Choosing a Medical Plan Just Became More Complicated
South Africans are facing an increasingly difficult choice when it comes to choosing a medical plan. They not only have to look at the different products offered by more than eighty medical aid providers, they have to take into account the rising costs of premiums. An expense they have to meet on increasingly tighter budgets.
GTC Research Consultants set up a survey to help medical scheme customers when choosing a medical plan. GTC weighed up the different plans offered by schemes in a comprehensive survey. In particular the survey was after value for money, comparing the amount of cover each plan offered vis-à-vis its cost.
The findings were quite revealing; Discovery, South Africa’s biggest scheme, offered only one plan that represents value for money. This meant subscribers had only a slender list of healthcare providers open to them. Gap cover popularity is another indicator of the relatively low value the country’s medical schemes offer customers. Indeed, more and more companies, including huge multinationals, are offering medical gap cover.
Choosing a Medical Plan Without Gap Cover
Taking the cue, GTC moved to get rid of medical gap cover to ensure medical aid providers offered its benefits as standard in their existing plans. This meant that each and every plan had to offer 500% cover for beneficiaries’ treatment.
A number of schemes are currently offering only 100% cover; woe unto subscribers whose medical expenses exceed this amount. It’s easy to see now why medical gap cover has become popular and why choosing a medical plan is minefield. Policyholders resort to gap cover to cover excesses if their treatment costs more than the limits of their plan.

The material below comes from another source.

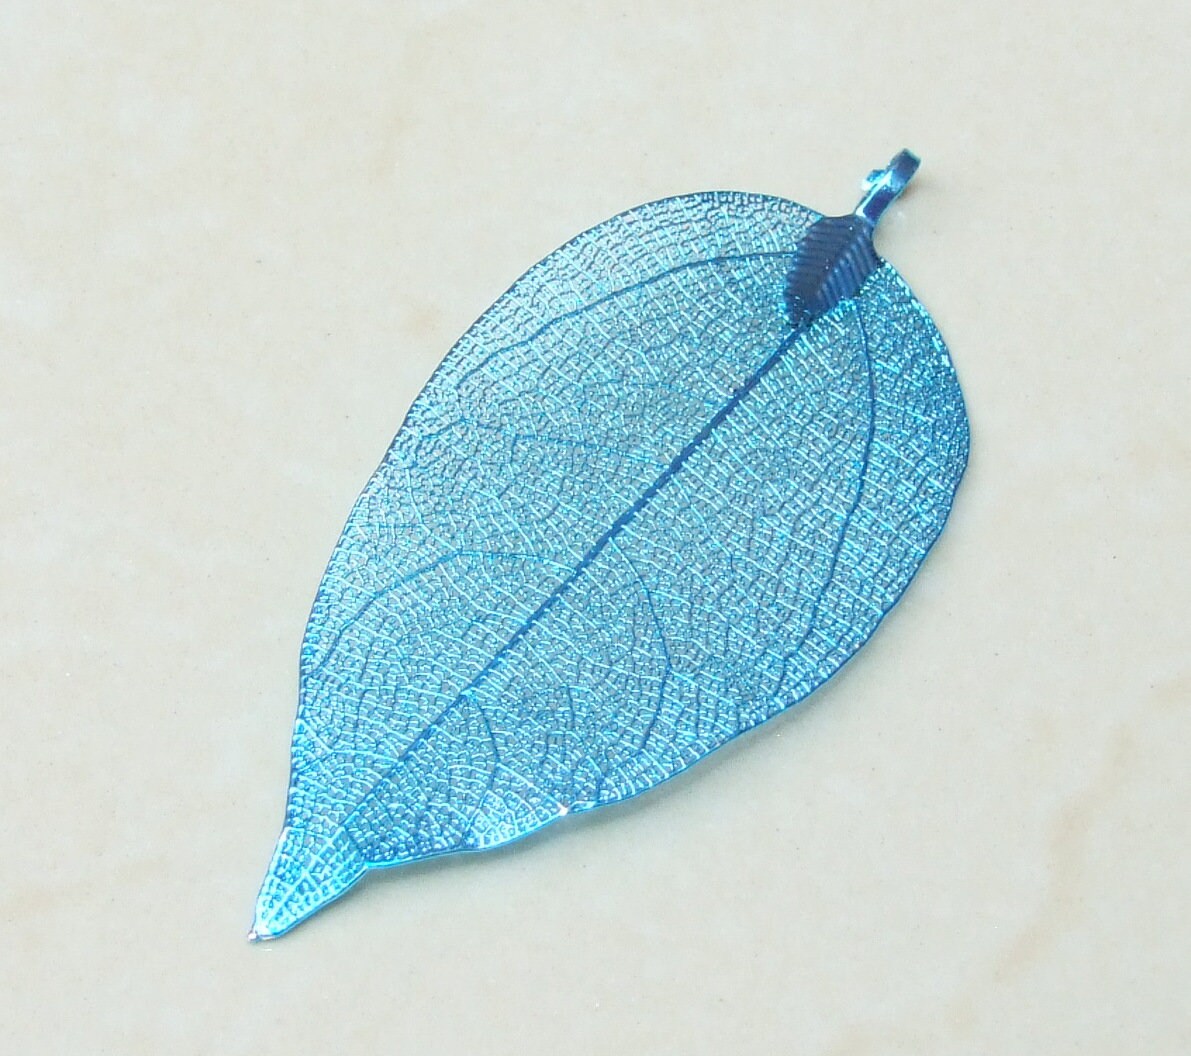 Liquid Metal Leaf Pendant - Large Leaf Pendant - Autumn Leaf - Blue - BOHO - Tribal - 32mm x 66mm - 2256

Medical Schemes Fight Back
Medical schemes, on the other hand, feel that members should opt for plans that offer commensurate cover. Lending its weight to the schemes it governs, the Council for Medical Schemes noted that Prescribed Minimum Benefits claims made up more than half the money drawn from the medical scheme risk pool in 2013. However, GTC did not include this in their survey of schemes as they rightly assume it is paid from the risk pool funds. PMBs offer cover for chronic ailments such as asthma and diabetes that require extended treatment.
Consumers are Wary
Medical scheme members, who have to fork out additional premiums for medical gap cover, are not the only ones wary of it. The Council for Medical Schemes warns that they will significantly deplete the pool of funds for the various medical scheme plans. But what happens if you need to see a specialist not included in the list of providers listed in your plan? This is why GTC grudgingly accepts medical gap cover as a necessary evil.
However, after evaluating GTC’s findings, City Press newspaper came to the conclusion that the more expensive plans offered by schemes ostensibly to cover higher treatment costs, did not do so. This is because a number of them use restricted formularies, increasing the perception among policyholders that the products of schemes don’t offer real value for the increasingly pricey premiums.